- _What to produce_
Nothing is needed except the lines below that run from the one with "Identity between naive" through the one with "7 image search", repeated exactly.
---------- Excerpted data
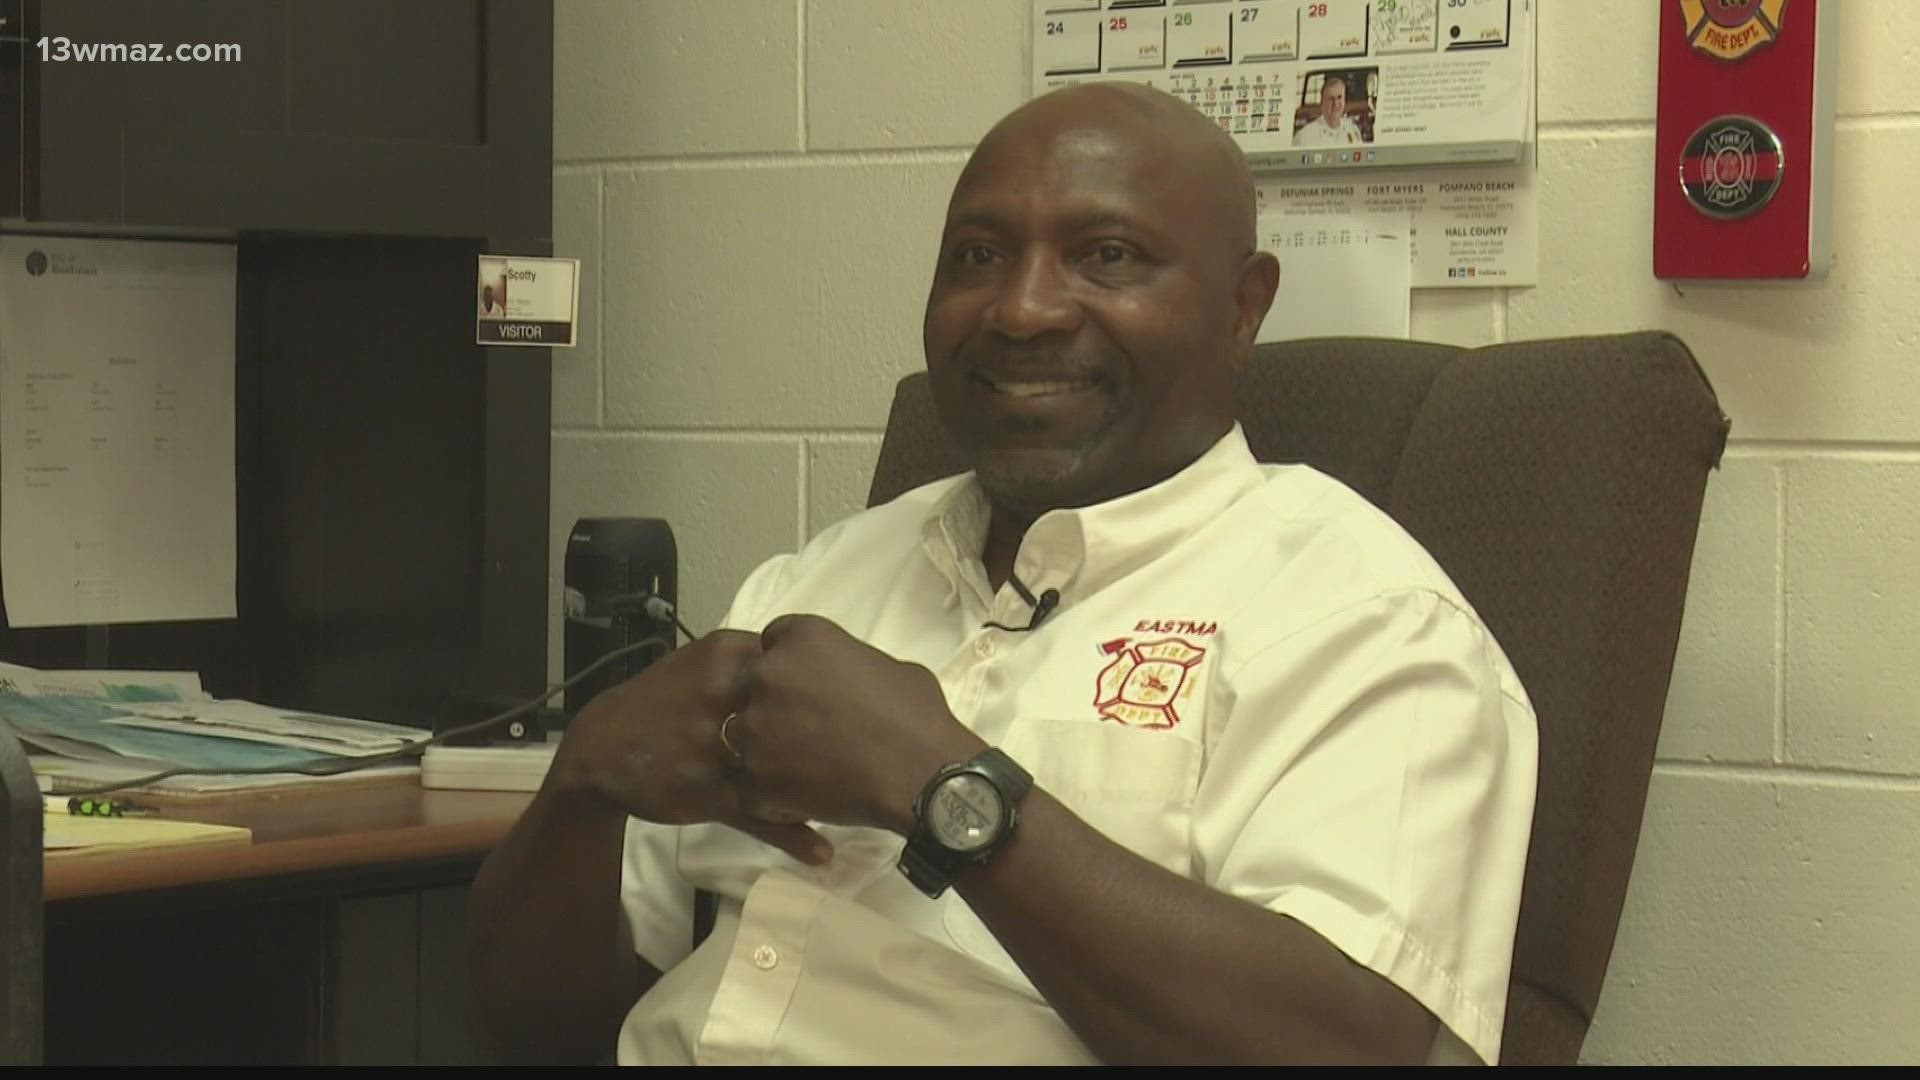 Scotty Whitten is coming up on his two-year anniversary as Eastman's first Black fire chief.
--------------------
---------- Excerpted data
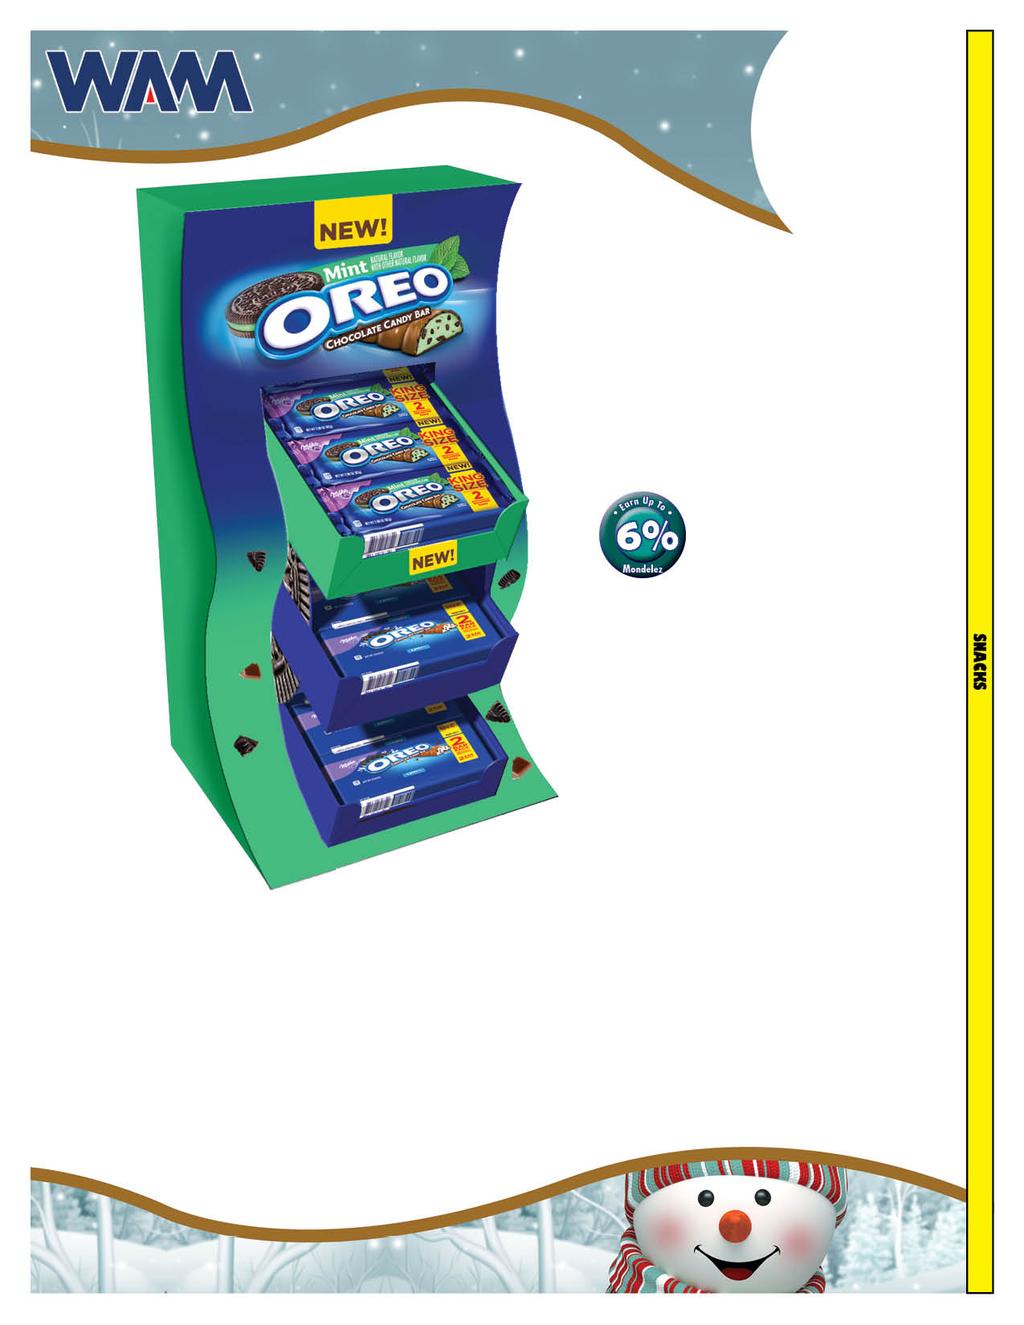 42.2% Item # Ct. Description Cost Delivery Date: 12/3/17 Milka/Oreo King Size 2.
--------------------
---------- Excerpted data
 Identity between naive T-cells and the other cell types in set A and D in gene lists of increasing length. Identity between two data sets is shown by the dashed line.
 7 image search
--------------------
- _Answer to this task_
 Identity between naive T-cells and the other cell types in set A and D in gene lists of increasing length. Identity between two data sets is shown by the dashed line.
 7 image search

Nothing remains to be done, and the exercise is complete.